Try it: An exact copy of all the data, minus the images, is required.

Material for this exercise:
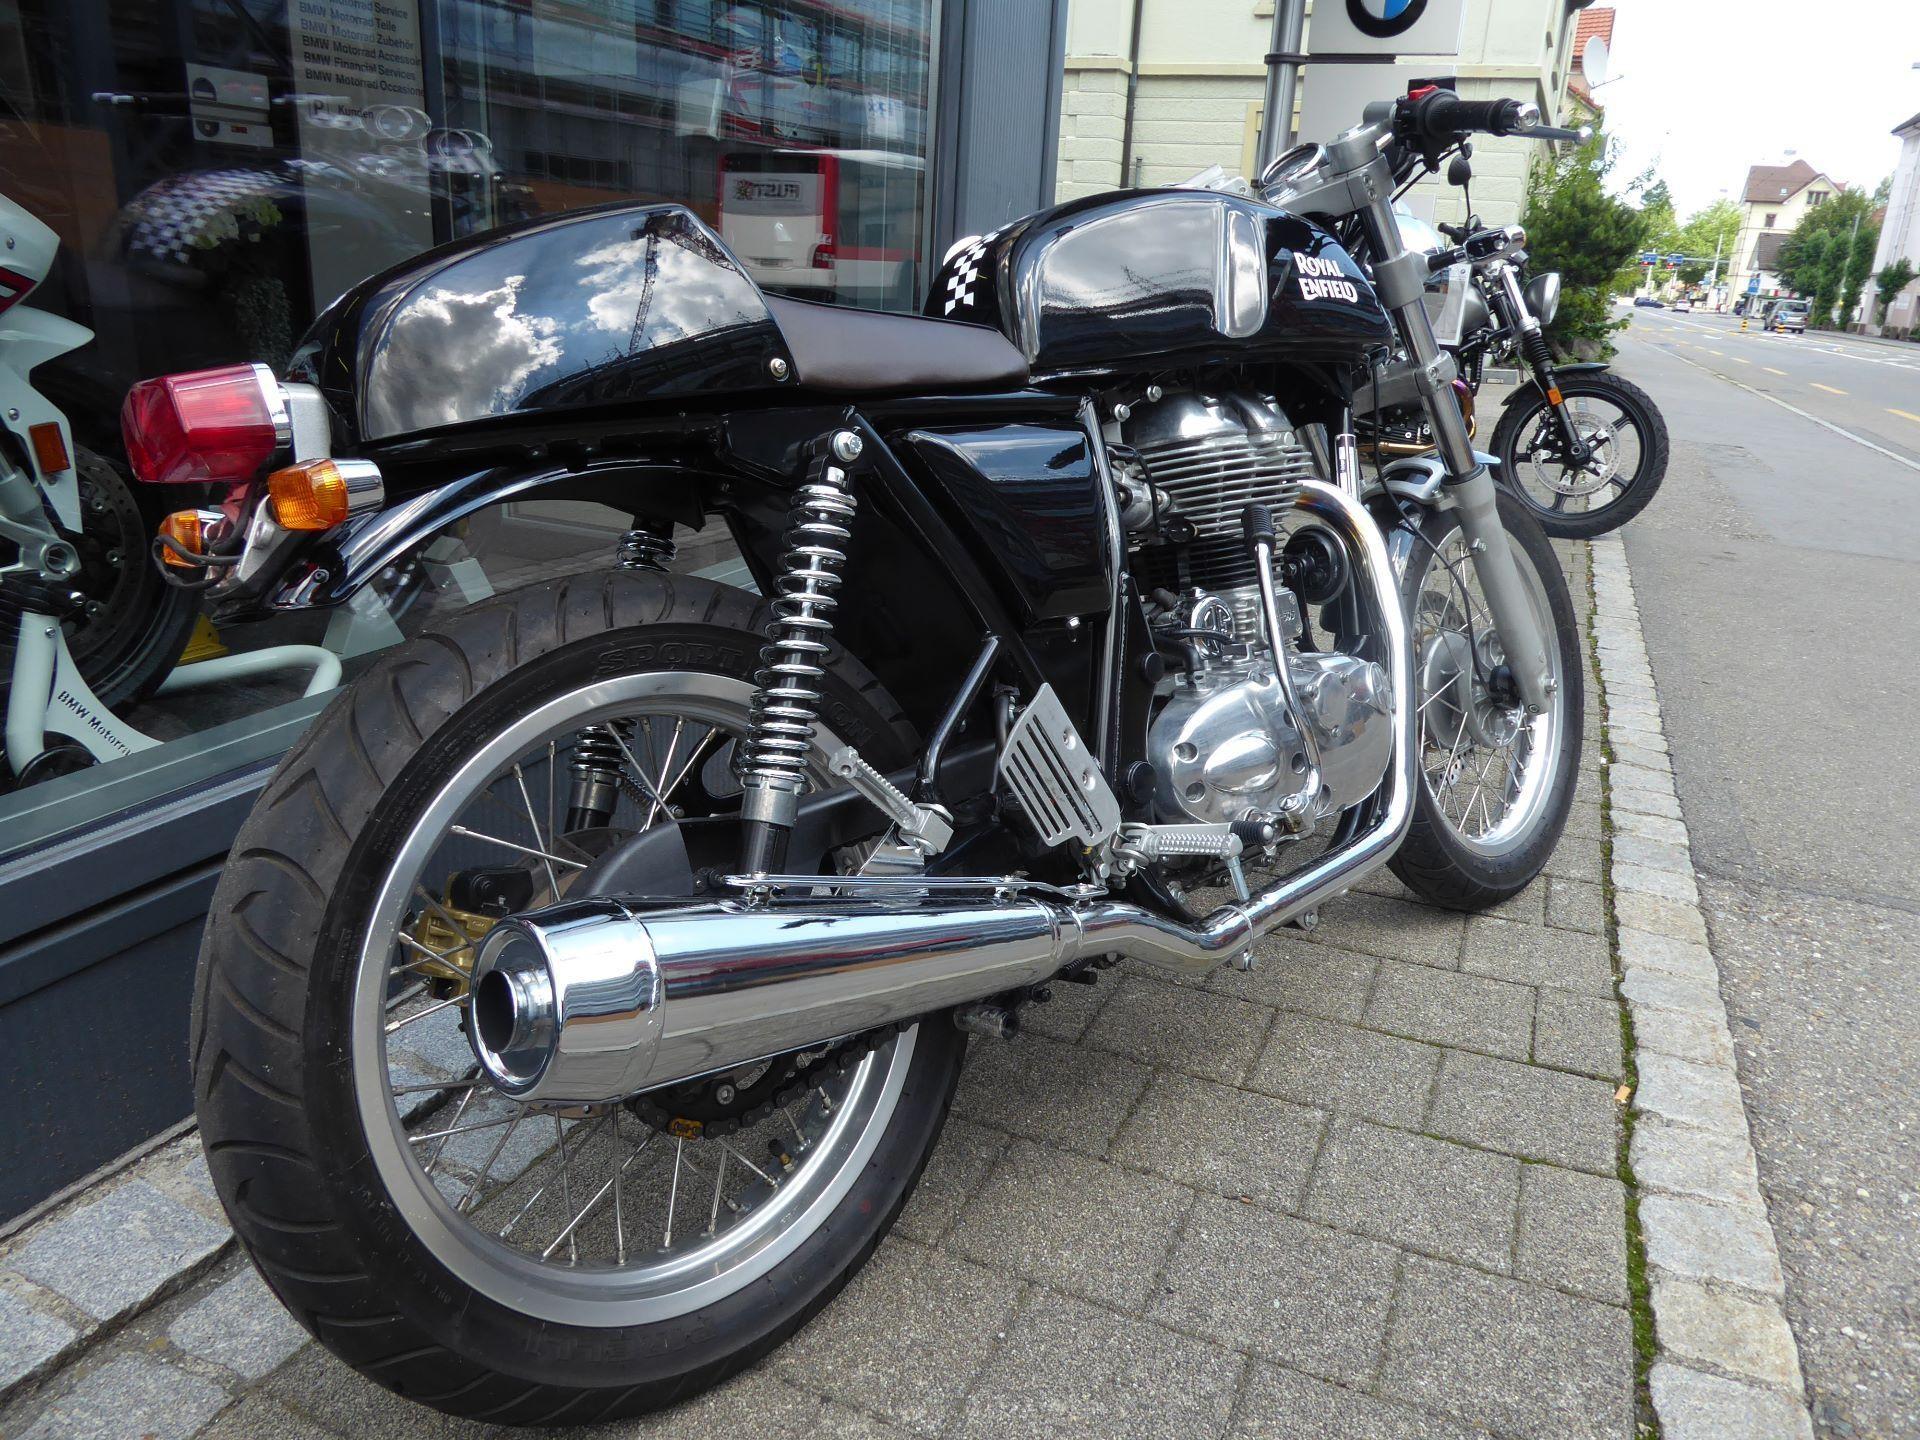 moto occasions acheter royal enfield continental gt 535 ren frisch ag st gallen. Black Bedroom Furniture Sets. Home Design Ideas
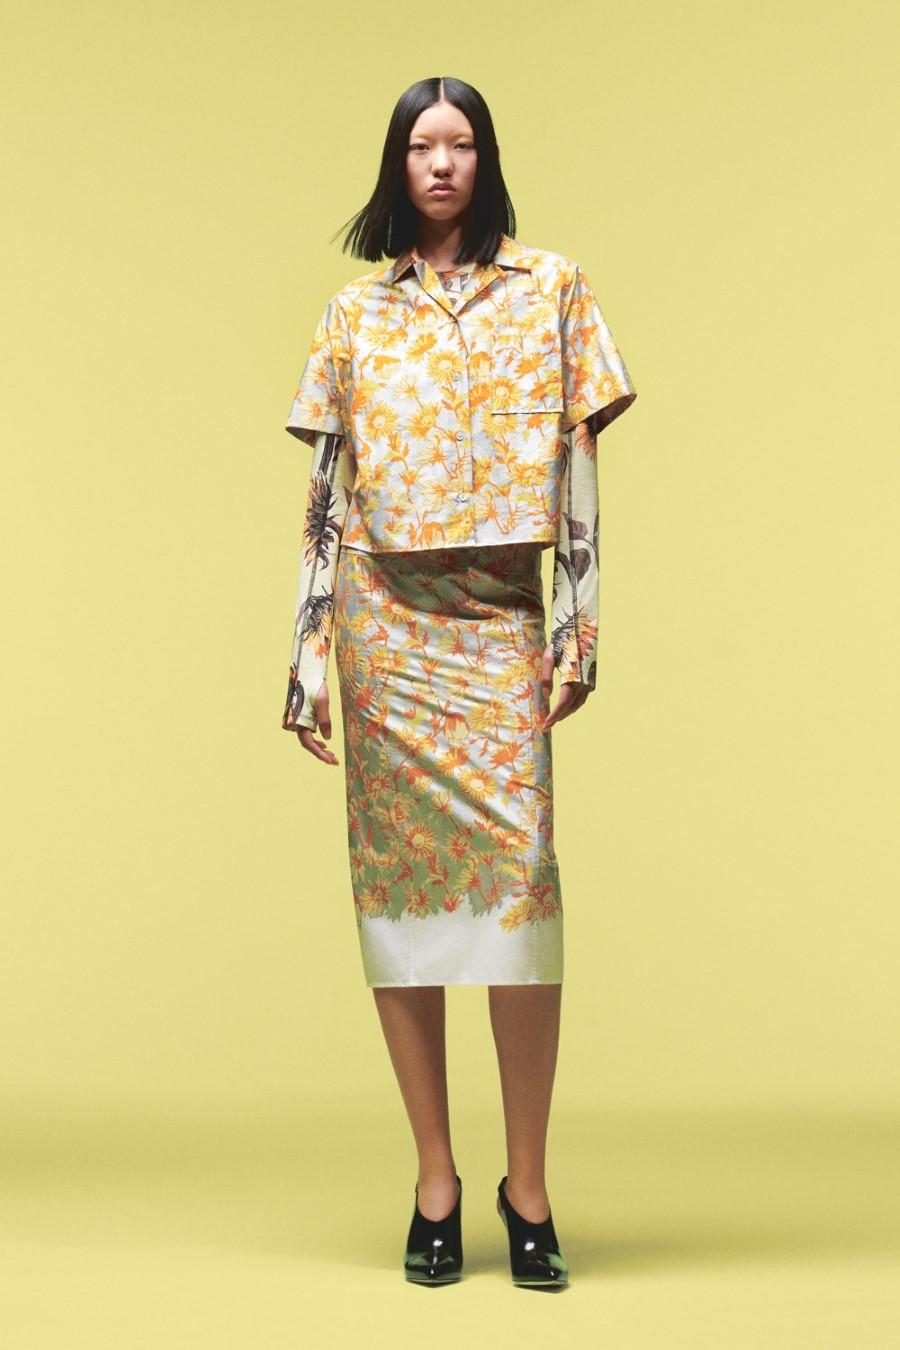 Paul Smith Spring Summer 2022 - Paris Fashion Week
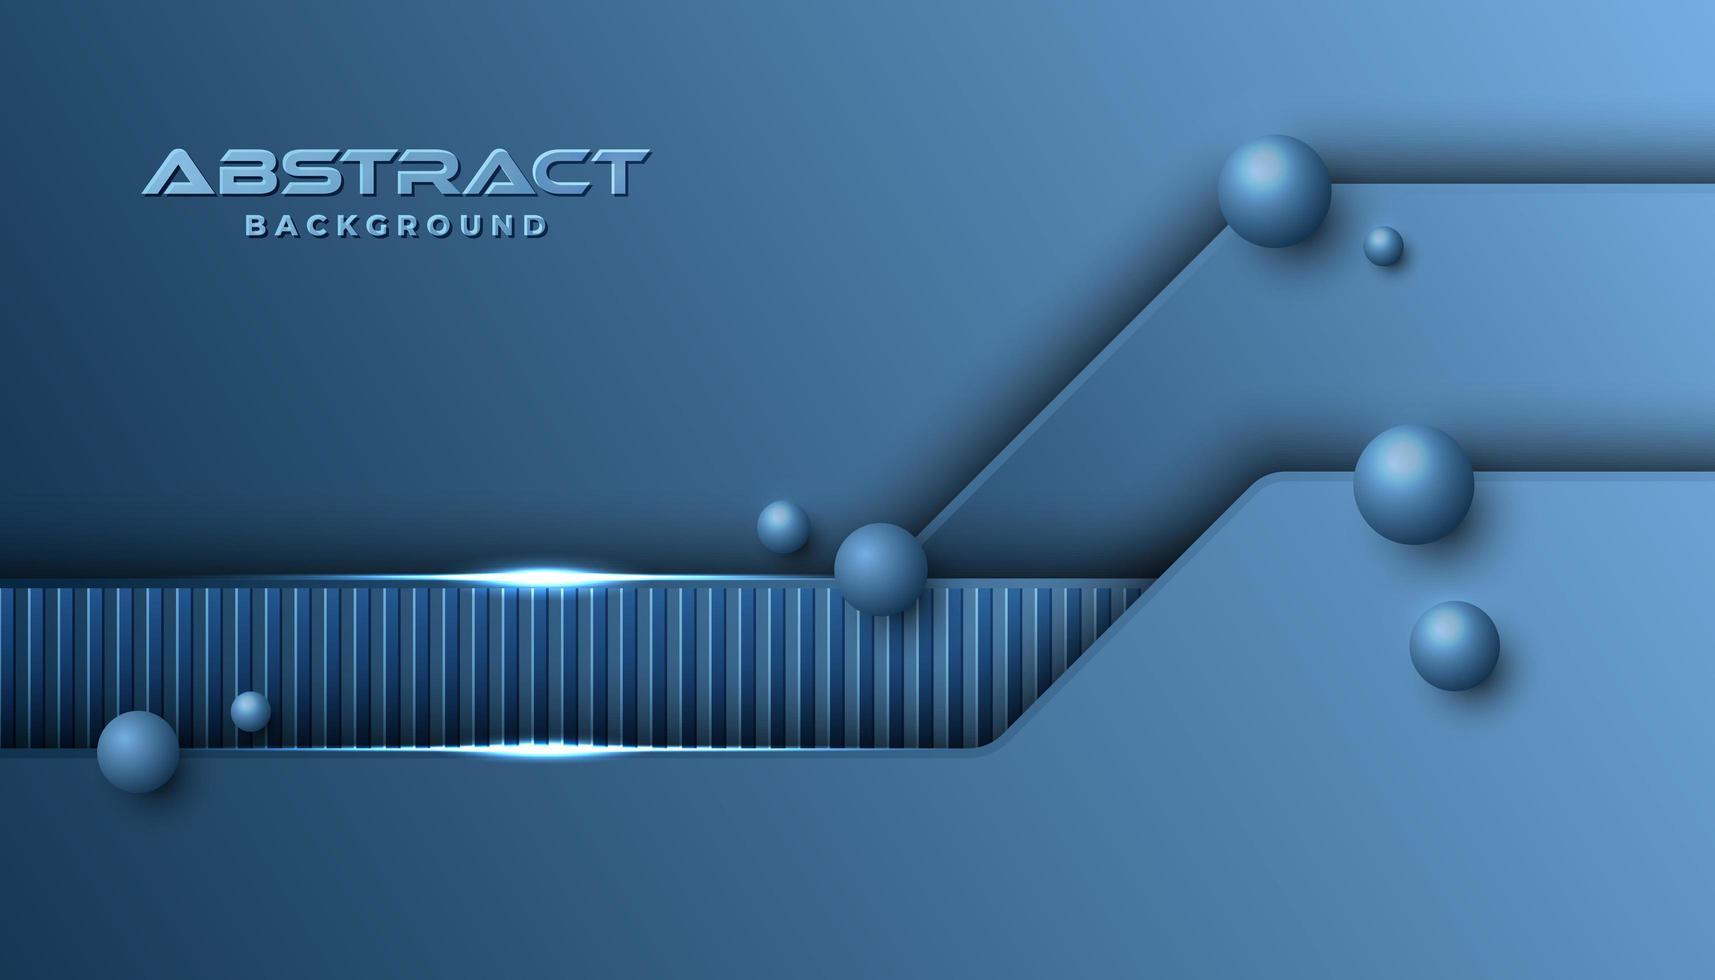 Fondo de formas en capas futurista azul clásico vector
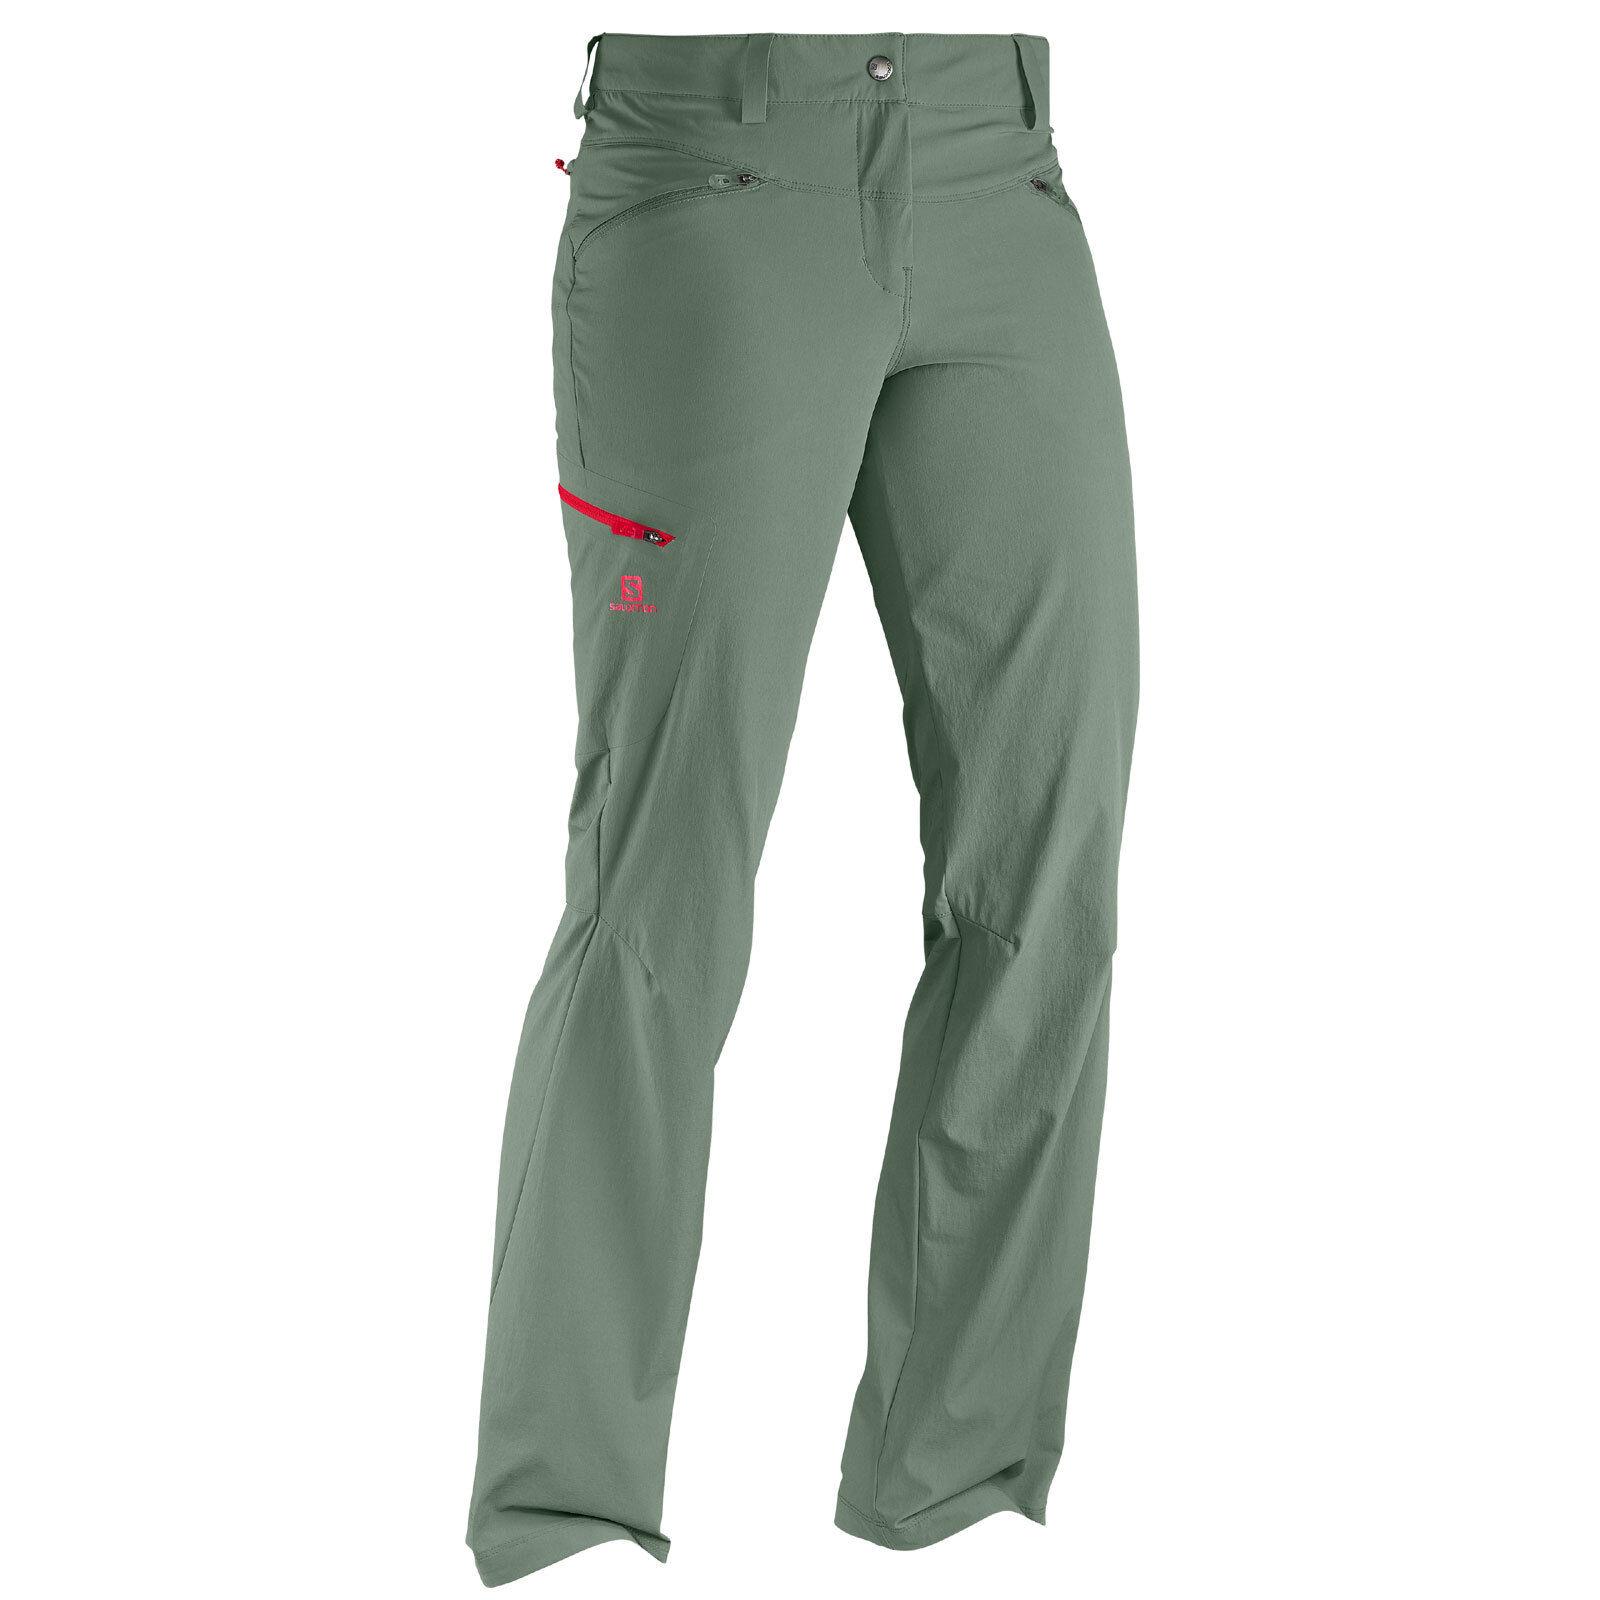 Salomon Wayfarer Pant Pant Pant damen Hiking Outdoor Trousers Functional 8cfb2e
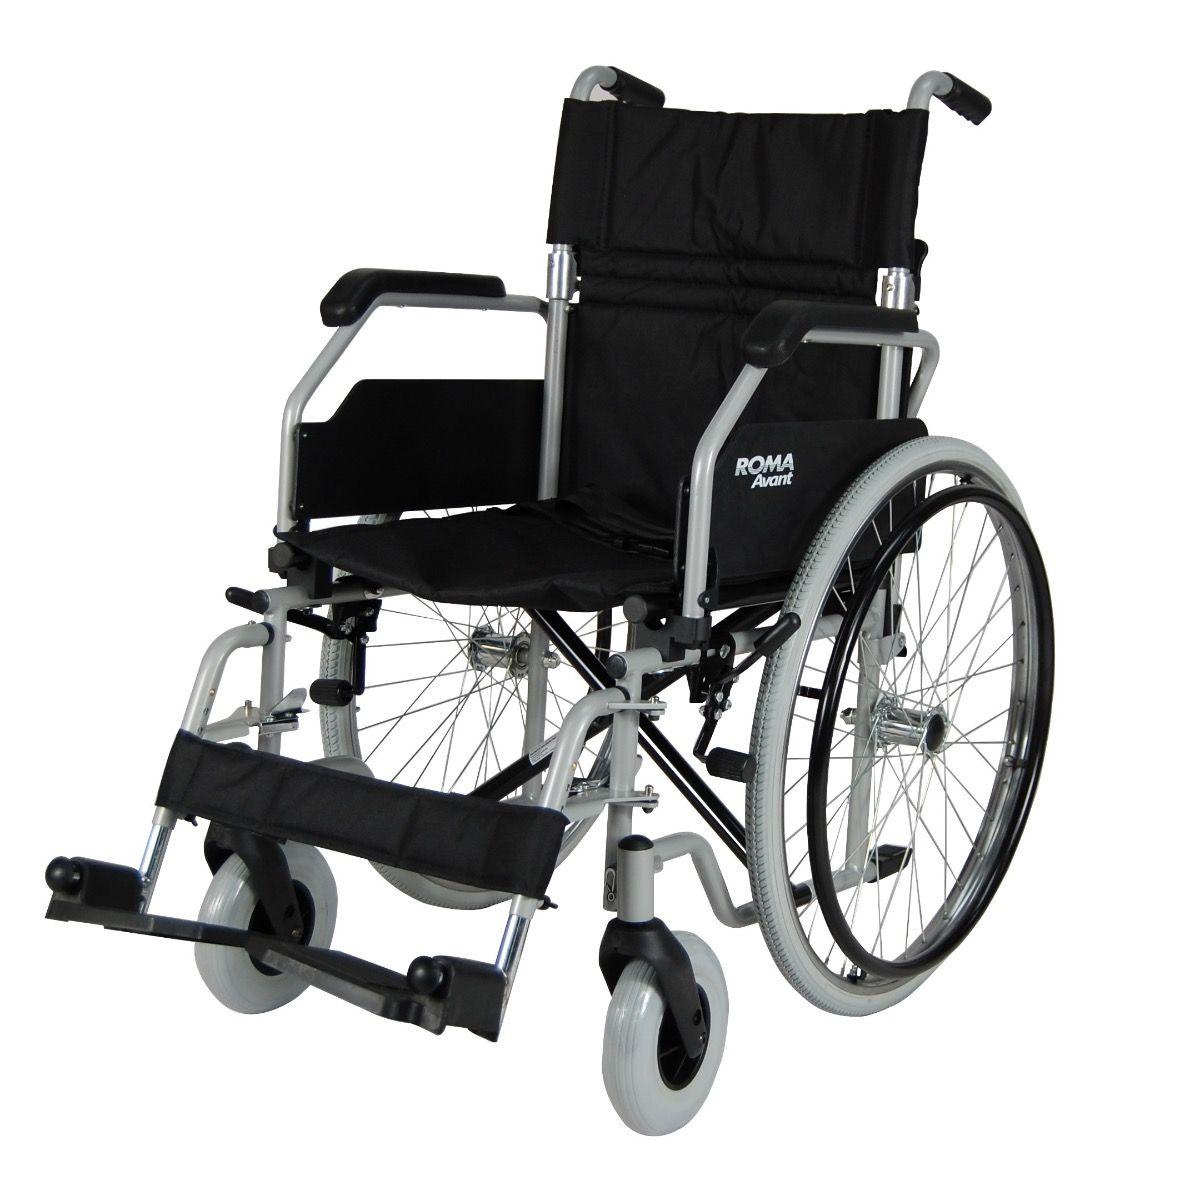 Roma Avant Car Self Propelled Wheelchair Side View

Answer to the exercise:
 moto occasions acheter royal enfield continental gt 535 ren frisch ag st gallen. Black Bedroom Furniture Sets. Home Design Ideas
 Paul Smith Spring Summer 2022 - Paris Fashion Week
 Fondo de formas en capas futurista azul clásico vector
 Salomon Wayfarer Pant Pant Pant damen Hiking Outdoor Trousers Functional 8cfb2e
 Roma Avant Car Self Propelled Wheelchair Side View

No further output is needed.